Realized inflationary data received in February highlighted the difficulty policymakers face when inflation is allowed to run “hot” for an extended period—despite the Fed’s best efforts to restore price stability without stoking a recession. Since initiating the tightening process in late 2021, the Fed’s balance sheet has shrunk more than $1 trillion, the policy rate has been raised 525 basis points—the highest level since 2001—and aggregate banking system reserves have been drained to the tune of approximately $700 billion.

In spite of the aggressive policy, inflation rates have stubbornly not yet returned to the Fed’s 2% desired level. A complicating factor in recent months has been the relative outperformance of the U.S. economy, particularly when viewed versus key trading partners such as the euro zone, Japan, and China, with each of these major economies facing recessionary pressures.

In February, Bureau of Labor Statistics data showed the annual pace of core inflation, which excludes the volatile food and energy sectors, has held steady at 3.9%, essentially matching the pace witnessed since October and nearly doubling the Fed’s 2% target. Moreover, alternative measures of core cost pressures—such as the Atlanta Fed’s sticky CPI series and the closely watched “supercore” series, which measures core services inflation less housing—not only appear to be stabilizing comfortably above the Fed’s target, they also appear to be reaccelerating.


1 Core CPI

 

After telegraphing three 25 basis point rate cuts in 2024 at their December 2023 policy meeting via dovish updates to their Summary of Economic Projections dot plot, the Fed is faced with a tricky conundrum as inflation continues to run meaningfully above mandate, domestic stock prices have ascended to record highs, credit spreads have narrowed to near record tight levels, and both gold and bitcoin spot prices have surged to fresh record highs.

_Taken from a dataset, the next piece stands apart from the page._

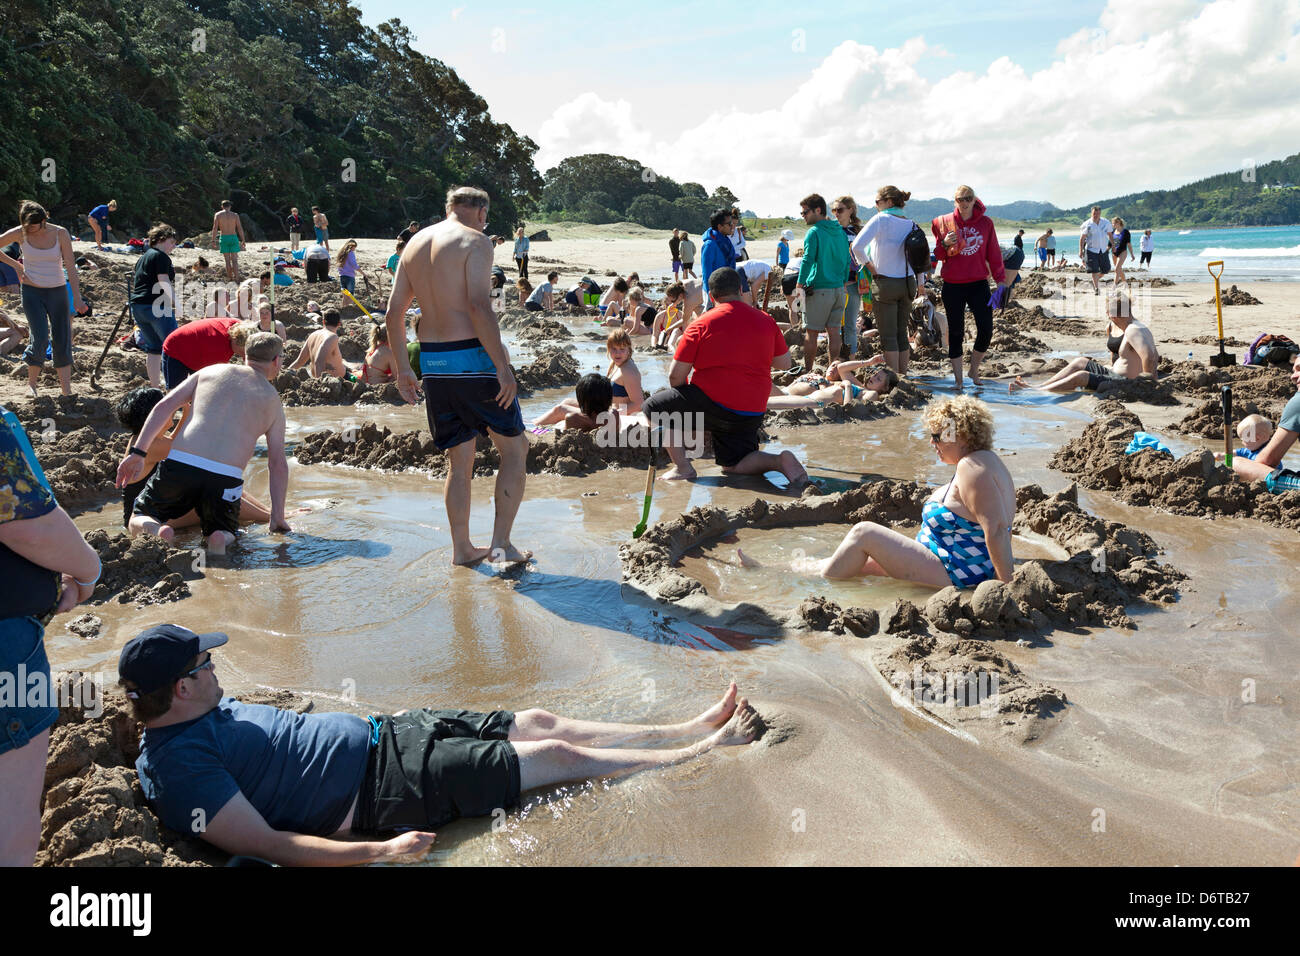 L'eau chaude,plage,Coromandel près de Hahei, île du Nord, Nouvelle-Zélande Banque D'Images

With the Fed effectively in a “holding pattern” since July 2023, the lags typically associated with monetary policy do not appear to be applying sufficient downward pressure on price level gains. And with only five scheduled policy meetings before the November presidential election, the Fed’s window to materially ease monetary conditions without overtly appearing to be swaying the result of the election is narrowing. Absent an abrupt deceleration in aggregate demand or inflation, further reductions to the policy rate would likely be met with concerns that the Fed has lost control over the price stability half of its dual mandate.

In summary, financial market performance was somewhat mixed in February, with strong gains exhibited by risk sectors such as global equities, below investment grade credit, and REITs, while core bonds and commodities saw losses amid a sharp monthly rise in interest rates and a growth slowdown abroad. Inflationary data released during the month reflected stabilizing cost pressures well above the Fed’s 2% target, calling into question the economic viability of a near-term easing in the federal funds rate despite Fed and bond market measures that continue to indicate at least 75 basis points of policy rate easing throughout the remainder of the year.

 

Market Summary

2 Market Summary

 

Global Equity

Global equity markets produced positive returns in February. Developed market equities had a particularly strong start to the year, outperforming international markets. However, emerging markets snapped back from January’s under- performance and almost kept pace with the U.S. market, driven by a performance rebound in China amid indications of support from Beijing.

 

4 China Hindered

 

February marked the fourth consecutive month of positive performance for U.S. equities. Domestic stocks have continued to outperform, albeit with a lack of breadth in gaining stocks. NVIDIA’s blowout earnings report in late February drove the stock higher as the company reported quarterly revenue growth of 22% and yearly revenue growth of 265%. NVIDIA finished the month up over 25%, accounting for a fifth of the S&P 500's return. Small caps outperformed large caps within growth as the information technology, healthcare, and consumer discretionary sectors drove Russell 2000 returns.

 

5 The Mag v2

 

European equities ex-UK produced positive returns but underperformed U.S. and emerging market equities. Despite economic weakness, consumer discretionary was the top-performing sector, led by luxury retailers and companies within the automotive industry. In late January, LVMH, a French luxury goods holding company, rose 13% following positive earnings that showed an increase in fourth-quarter sales. Real estate was the worst-performing sector as rates remained unchanged and financing costs remained elevated.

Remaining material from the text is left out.